I cannot tell you just what a gash losing your one and only son causes in your life. Many years ago when both my Pop and I worked together at the White House for the Peacemaker‚ Richard Nixon‚ I asked my father for an obscure statistic. “Please only do it if you have nothing more important to do this afternoon‚” I told Pop.
He smiled at me and in one drag inhaled his Marlboro so deeply that he turned half of it to ash. “What do you think I have to do that’s more important than helping my one and only son?” he asked‚ and then he stood up from his brown leather chair and hugged me.
I tried to follow that general principle with Tommy for all of his life.
I follow it with my wife and my closest friends so far‚ and it’s been a pleasure. I followed it with my father and sat by his bedside at the Washington Hospital Center in 1999 for eight weeks until he expired‚ with my sister and I holding his hands and reading the Psalms to him. I try to do it with my glorious wifey every day. She is a Goddess‚ and if I don’t act upon that truth I am a fool to live. I often fail‚ and I am ashamed about it. Now‚ I am leaving the home where Tommy and I lived out so much of his childhood. I hurt all over keenly from that truth. I will never again be young. I will never again have a son young enough to hide behind a parked car at midnight and hurl snowballs at me.

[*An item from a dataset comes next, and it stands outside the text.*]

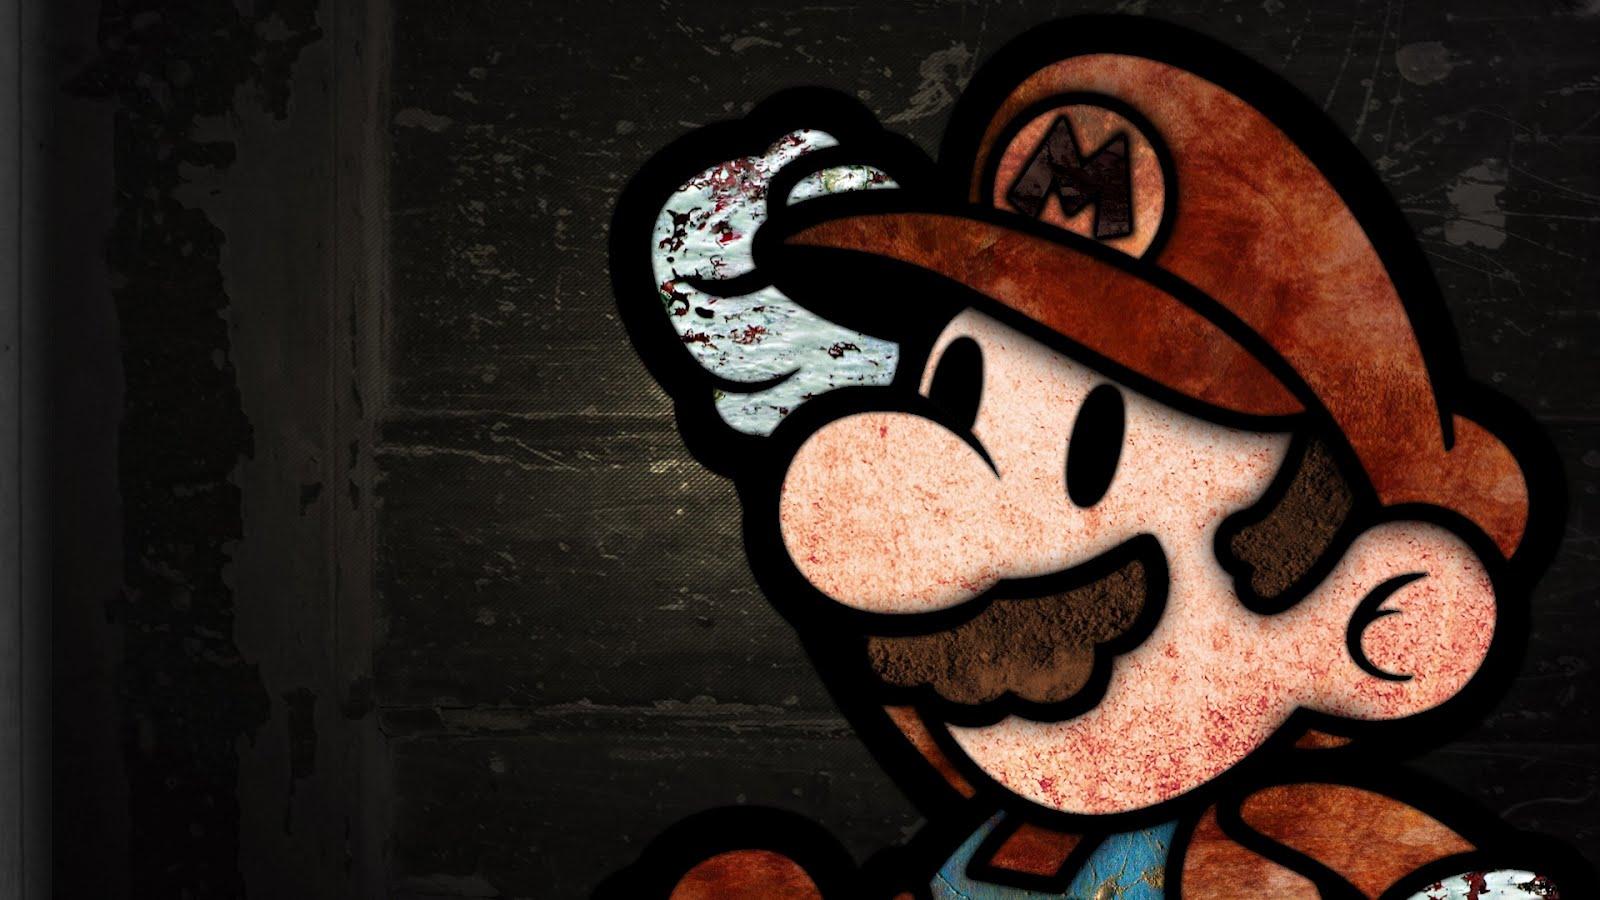 http://1.bp.blogspot.com/-d2cMYsKQMCM/T6rcuHnoV9I/AAAAAAAAAC8/70taA-dxkRA/s1600/Mario-mario-wallpaper-hd-games-1920x1080.jpg

“Life goes by pretty quick. If you don’t slow down and look around‚ you might just miss it.”
Ferris Bueller said that‚ and of course he was right.
Now‚ I live a life of astonishing privilege. Part of that‚ a huge part‚ was having Tommy for 37 years. I’ll be leaving my home here soon. But how long before we meet again. I’m 79. There are not many rivers to cross and to watch my son leaping into Priest Lake‚ swimming under my boat for an adventure as a bubble monster. Life goes by pretty quick. I make prime rib eye for my wife every evening‚ and it’s a privilege.